Araştırma, inceleme ve denetleme terimlerinden ne kastedildiği yasada açık seçik belirtilmemiştir. Bu belirsizlik Kurul’un çalışma ve ürün kalitesini olumsuz yönde etkilemektedir.
Yasanın 4. maddesinde “Kamu kurum ve kuruluşları, Kurul tarafından gerek görülecek müfettiş, araştırmacı ve diğer uzman personeli Cumhurbaşkanlığı Genel Sekreteri’nin isteği üzerine Kurul Başkanlığı emrine geçici olarak göndermek ve gerekli yardımı sağlamakla yükümlüdürler” denilmekte ve fiiliyatta araştırma, inceleme ve denetleme işleri müfettiş, araştırmacı ve diğer uzman personel eliyle görülmektedir. Yani Kurul emanet yöntemiyle işlerini yaptırmaktadır.

Kurulun raporları
Kuruluş yasasının 6. maddesine göre; “Kurul raporları Cumhurbaşkanının onayı alındıktan sonra Başbakanlık’a gönderilir. Kurul raporlarında; incelenmesi, teftişi, tahkiki veya dava açılması istenilen konular en geç kırk beş gün içinde gereği yapılmak üzere Başbakanlıkça yetkili mercilere intikal ettirilir.

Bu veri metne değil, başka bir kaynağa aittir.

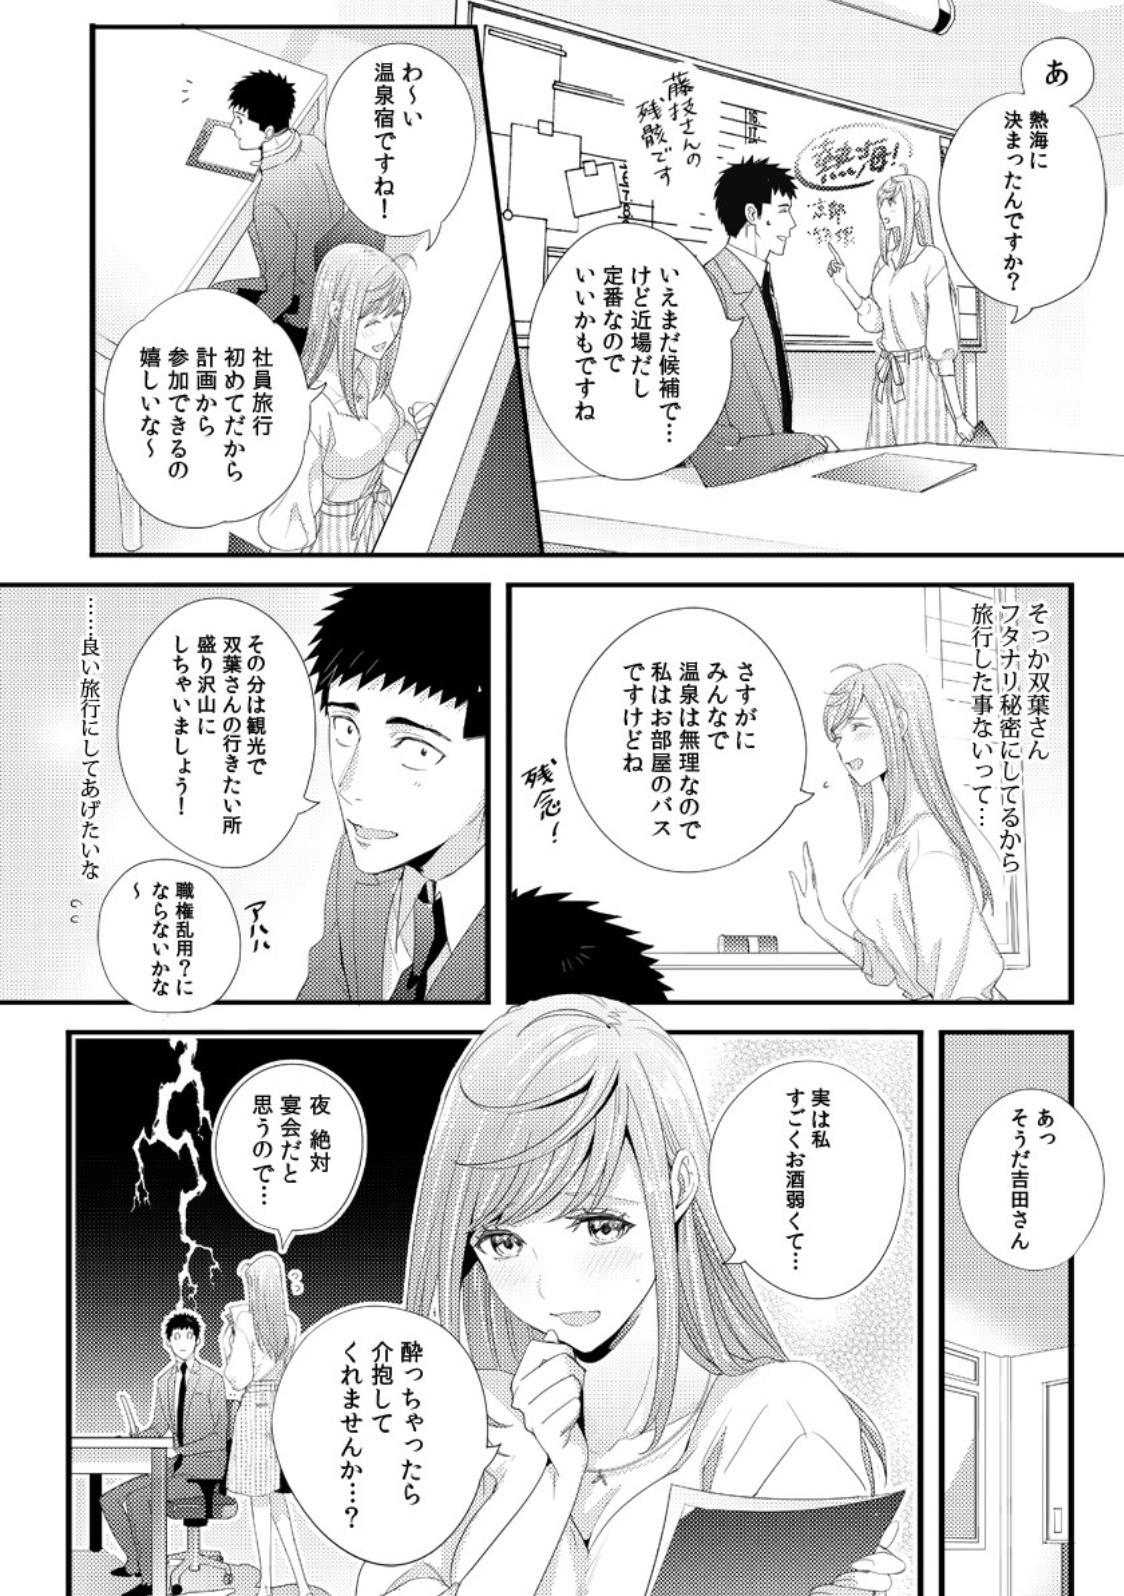 Please Let Me Hold You Futaba-San! Ch. 1-4 5

Sonuçtan Başbakanlık aracılığı ile Cumhurbaşkanlığı’na bilgi verilir. Cumhurbaşkanı gerek gördüğünde önemli konularla ilgili raporları doğrudan adli ve idari mercilere intikal ettirir.”
Bu hüküm Kurul’un raporlama yönünden de bağımsız olmadığını gözler önüne sermektedir Kurul sanki ikinci bir Başbakanlık Teftiş Kurulu hüviyetindedir.

Sonuç
DDK’den bir denetim organı olarak bağımsız ve tarafsız şekilde ve çağdaş denetim standartlarına uygun çalışmasını ve sağlam bulgulara dayalı güvenilir rapor üretmesini beklemek tek kelimeyle hayaldir.